なお、本実施例の声質変換システム１０は、第２の声質を有する音声を出力するので、声質変換システム１０の利用者等は、第１の声質の特徴を備えた、正確に声質変換された音声を聴くことができる。 In addition, since the voice quality conversion system 10 of the present embodiment outputs the voice having the second voice quality, the users of the voice quality conversion system 10 and the like have the characteristics of the first voice quality and have been accurately voice quality converted. Listen to the sound.

また、本実施例の声質変換システム１０は、第１の音声を認識する際に、認識の確からしさを示す値である確信度に基づき、第１の声質の音声のうち所定の条件を満たない部分を除去し（低確信度フレーム除去部２１１）、除去した部分を除いた第１の声質の音声に基づき、変換モデルを生成するので、第１の音声の音声認識の正確性を向上させることができる。これにより、より高精度な声質変換を実現することができる。 In addition, when the voice quality conversion system 10 according to the present embodiment recognizes the first voice, the voice quality conversion system 10 does not satisfy a predetermined condition among the voices of the first voice quality based on the certainty that is a value indicating the certainty of the recognition. Since the conversion model is generated based on the voice of the first voice quality excluding the removed part (low confidence frame removing unit 211), the accuracy of voice recognition of the first voice is improved. Can do. Thereby, voice quality conversion with higher accuracy can be realized.

特に、本実施例の声質変換システム１０は、第１の音声の確信度を、第１の音声の音韻の認識の確からしさとして算出するので、より自然に聞こえる声質の音声に変換することができる。 In particular, the voice quality conversion system 10 according to the present embodiment calculates the certainty factor of the first voice as the probability of recognition of the phoneme of the first voice, so that it can be converted into voice with a voice quality that sounds more natural. .

また、本実施例の声質変換システム１０は、第１の声質の音声を、音素の種類に応じて複数のグループに分類し（クラスタリングを行い）、分類したグループのそれぞれの音声の部分のうち所定の割合の部分を除去するので、各グループにつき音素のバランスをとることができる。これにより、安定した声質の音声に変換することができる。 In addition, the voice quality conversion system 10 according to the present embodiment classifies the voices of the first voice quality into a plurality of groups (clustering) according to the type of phoneme, and determines a predetermined part of each voice portion of the classified group. Therefore, the phonemes can be balanced for each group. As a result, it is possible to convert the voice into a stable voice quality.

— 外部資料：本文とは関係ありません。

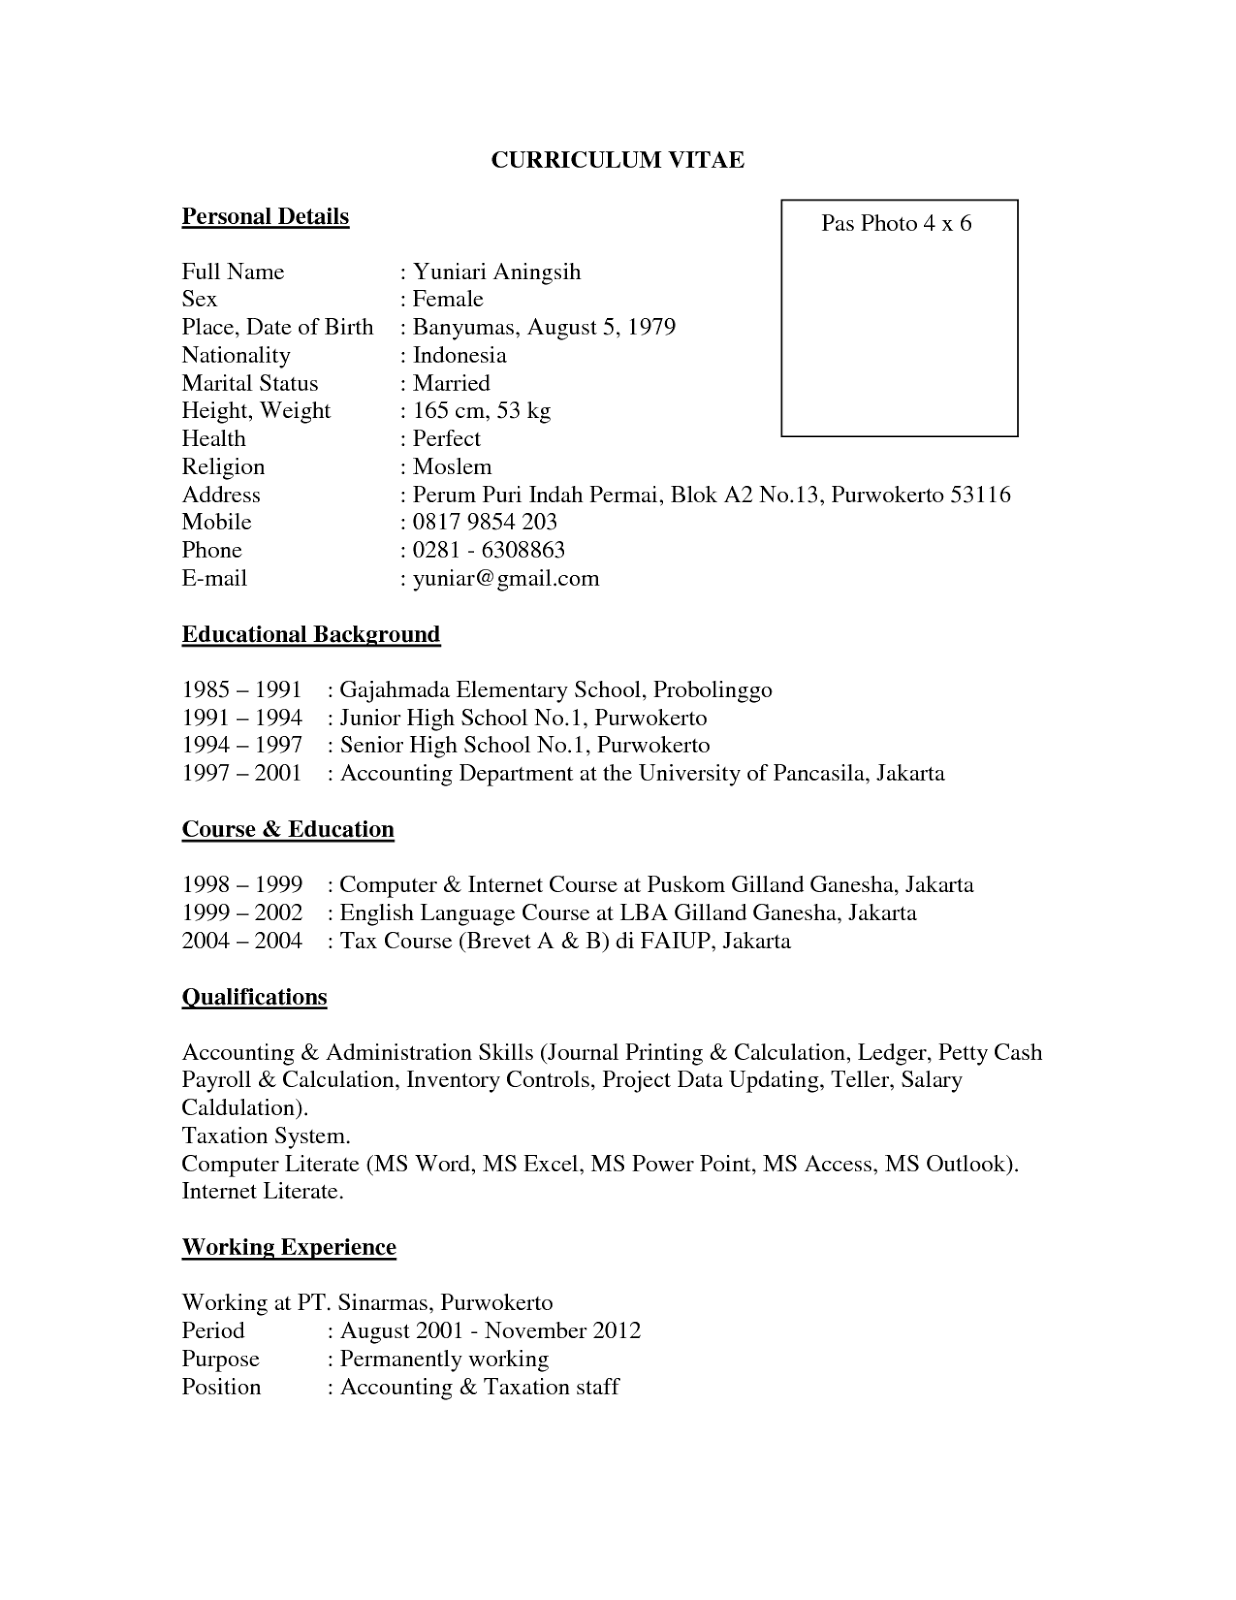 Contoh CV format Bahasa Inggris - Poztmo™ Media - HD Wallpapers
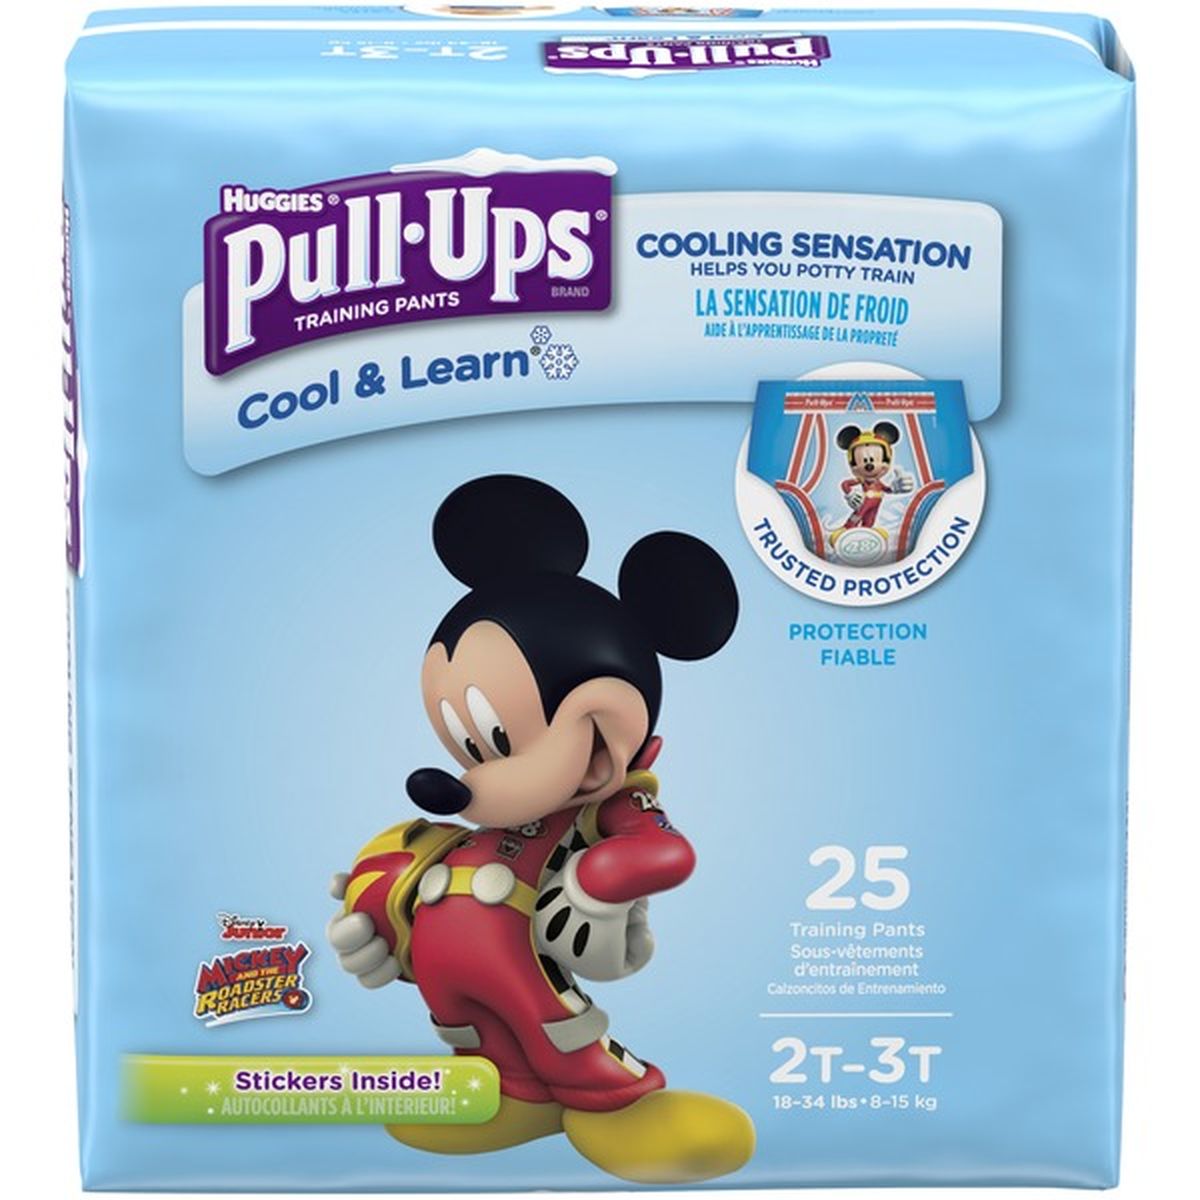 Pull Ups Night Time Training Pants, 2T-3T (18-34 lbs), Disney

なお、本実施例の声質変換システム１０は、第１の音声における有声部分、無声部分、及びアクセントの特徴を有する、第２の声質を有する合成音声を生成し、生成した合成音声に基づき変換モデルを生成するので、合成音声を利用した様々な意味内容を有する音声に変換することができる。 Note that the voice quality conversion system 10 of the present embodiment generates a synthesized voice having the second voice quality, which has voiced parts, unvoiced parts, and accent features in the first voice, and a conversion model based on the generated synthesized voices. Can be converted into speech having various semantic contents using synthesized speech.

また、本実施例の声質変換システム１０は、第１の声質の音声又は第２の声質の音声における発音のタイミングを、第１の声質の音声における有声部分、無声部分、及びアクセントの部分のタイミングに基づき修正し、修正した音声に基づき変換モデルを生成する（時間アライメント処理部２０８）ので、第１の声質の音声及び第２の声質の音声の対応関係を正確に把握し、正確な声質変換を行うことができる。 In addition, the voice quality conversion system 10 of the present embodiment uses the timing of pronunciation in the voice of the first voice quality or the voice of the second voice quality as the timing of the voiced part, the voiceless part, and the accent part in the voice of the first voice quality. And the conversion model is generated based on the corrected voice (time alignment processing unit 208), so that the correspondence between the voices of the first voice quality and the voice of the second voice quality is accurately grasped and accurate voice quality conversion is performed. It can be performed.

−−実施例２−−
本実施例の声質変換システム１０は、変換元話者音声データベース１００に対する音声認識の精度が低い場合にその旨を出力することによって、声質変換の精度に関してユーザに警告を発する。 -Example 2-
The voice quality conversion system 10 of the present embodiment issues a warning to the user regarding the accuracy of voice quality conversion by outputting a message to that effect when the accuracy of voice recognition with respect to the conversion source speaker voice database 100 is low.

＜構成及び機能＞
図１１は、実施例２に係る声質変換サーバ１０００の機能の概要を説明する図である。同図に示すように、実施例２に係る声質変換サーバ１０００は、実施例１に係る声質変換サーバ１０００とほぼ同様の機能を備えるが、低確信度フレーム除去部２１１の内容は実施例１と異なる。 <Configuration and function>
FIG. 11 is a diagram for explaining an overview of functions of the voice quality conversion server 1000 according to the second embodiment. As shown in the figure, the voice quality conversion server 1000 according to the second embodiment has substantially the same function as the voice quality conversion server 1000 according to the first embodiment, but the content of the low confidence frame removal unit 211 is the same as that of the first embodiment. Different.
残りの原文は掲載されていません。